- _The records_
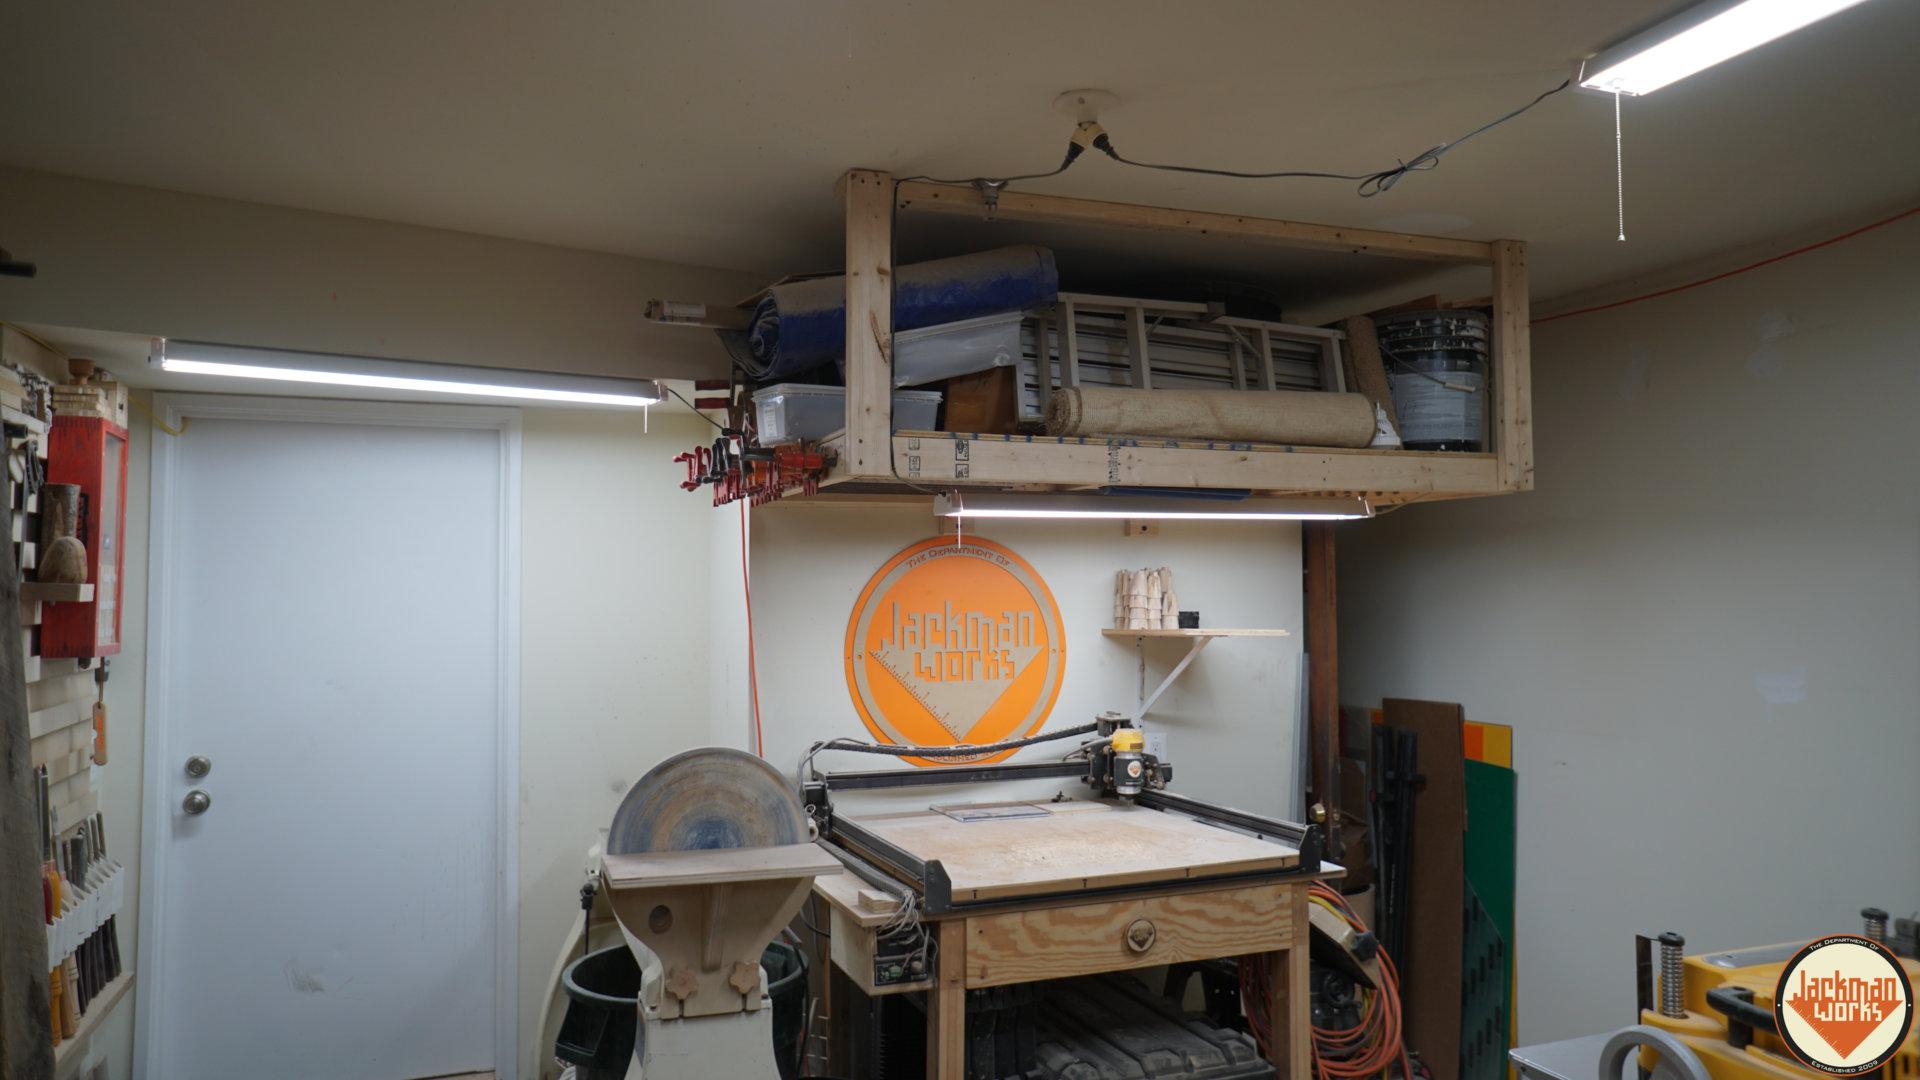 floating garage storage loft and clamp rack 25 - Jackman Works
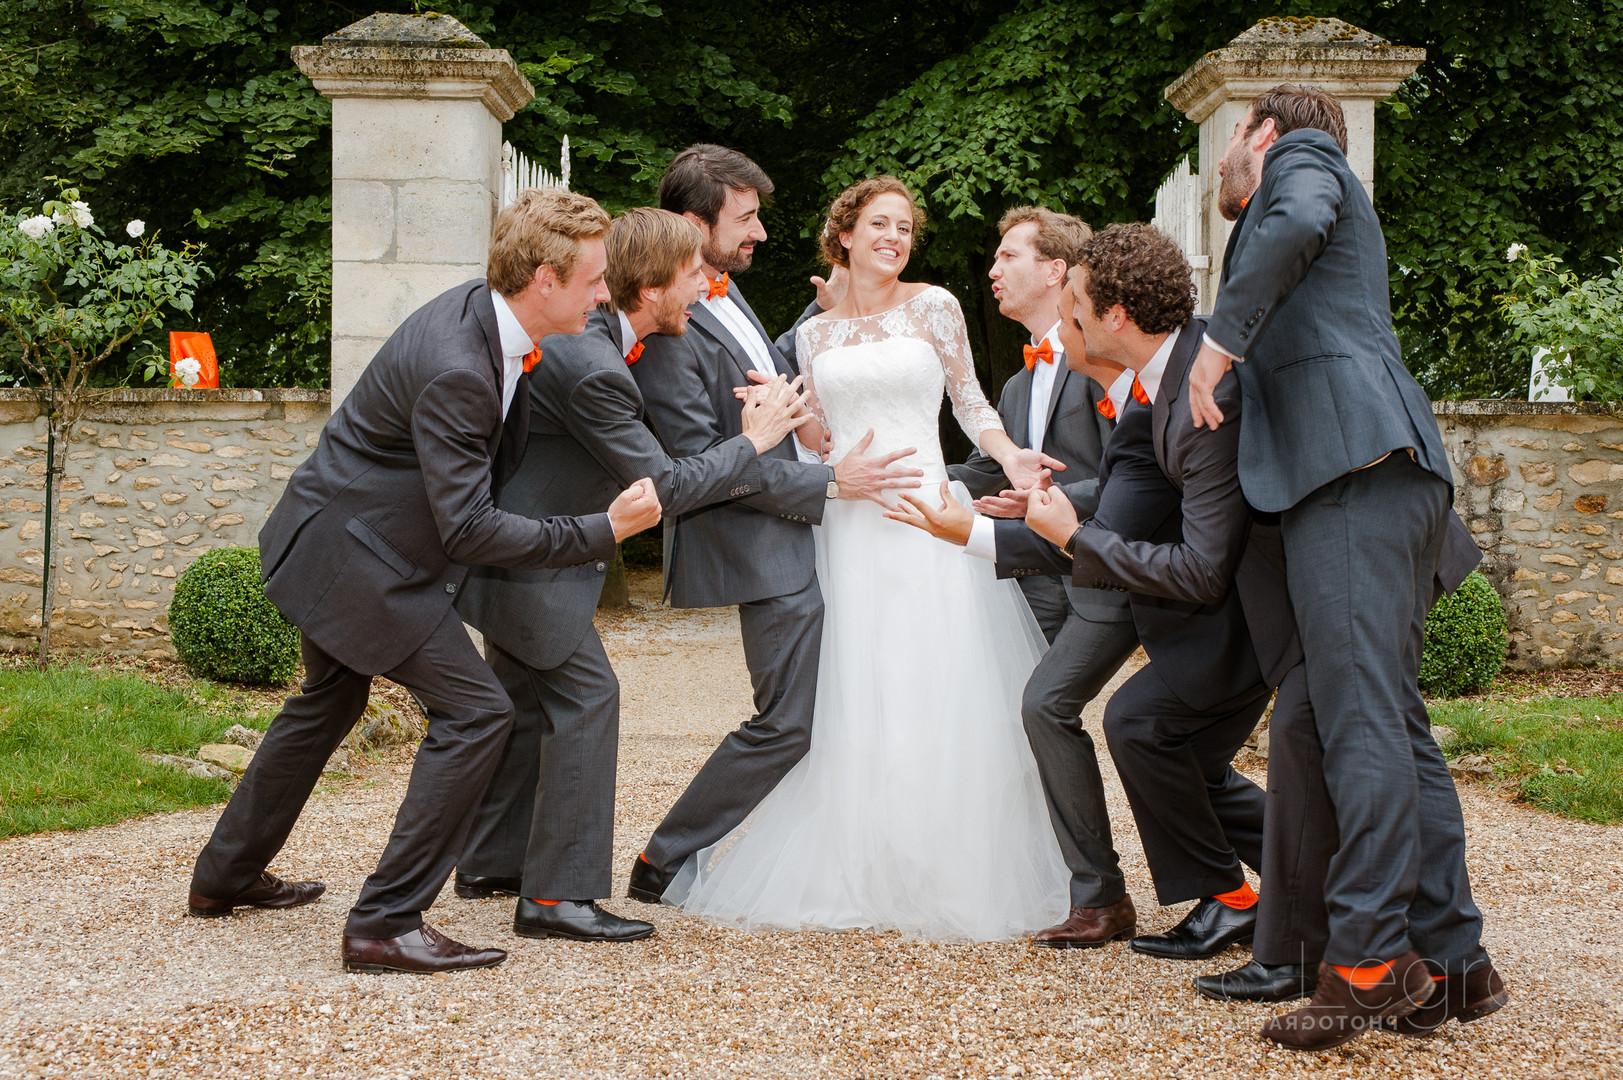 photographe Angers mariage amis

---

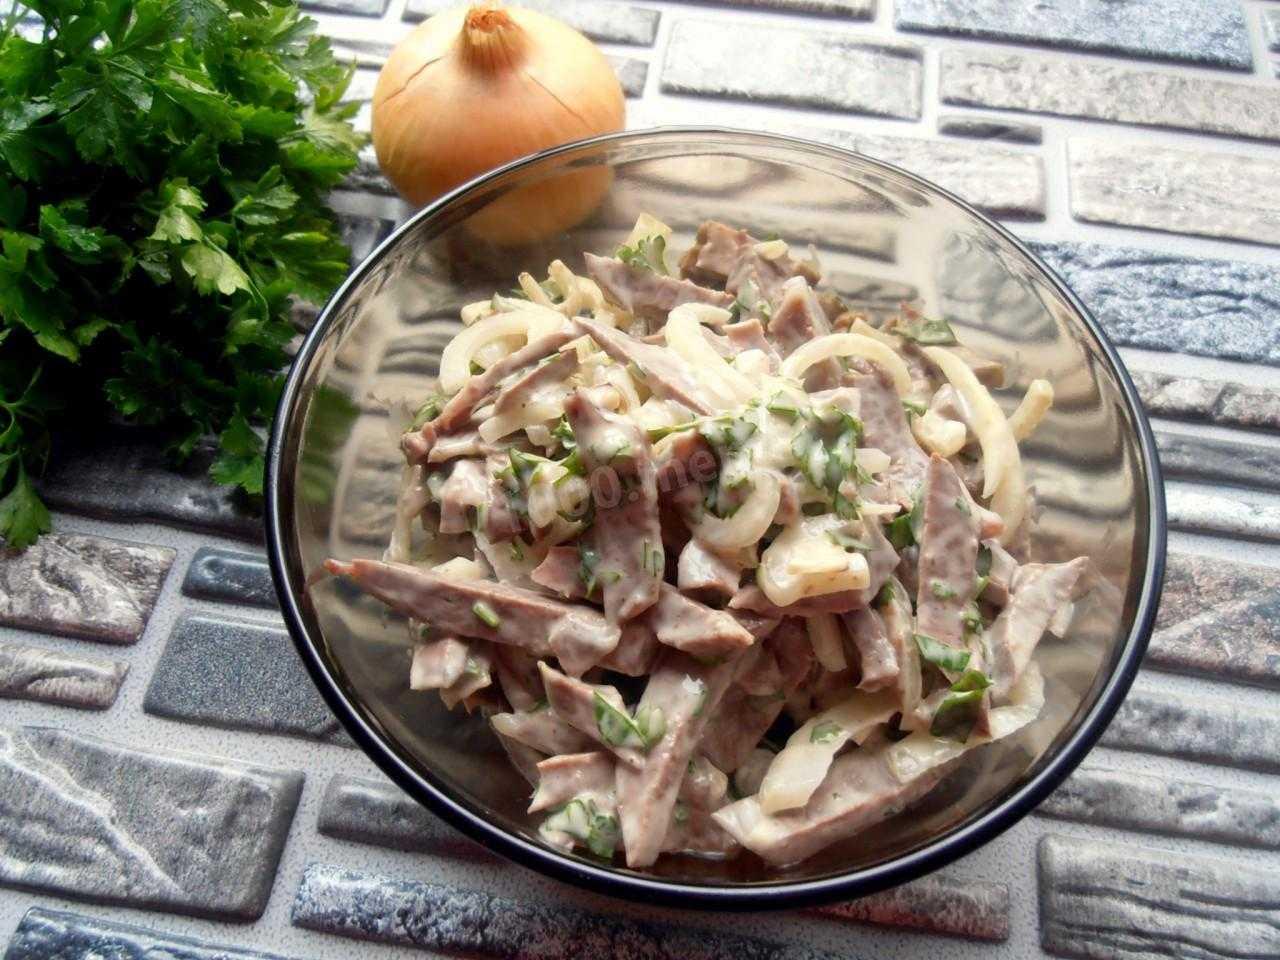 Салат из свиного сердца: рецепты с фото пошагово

- _Action item_
Among the entries above, take the line with "floating garage storage", the line with "photographe Angers mariage amis", and all the lines between them, and restate them word for word without pictures.

- _Response area_
 floating garage storage loft and clamp rack 25 - Jackman Works
 photographe Angers mariage amis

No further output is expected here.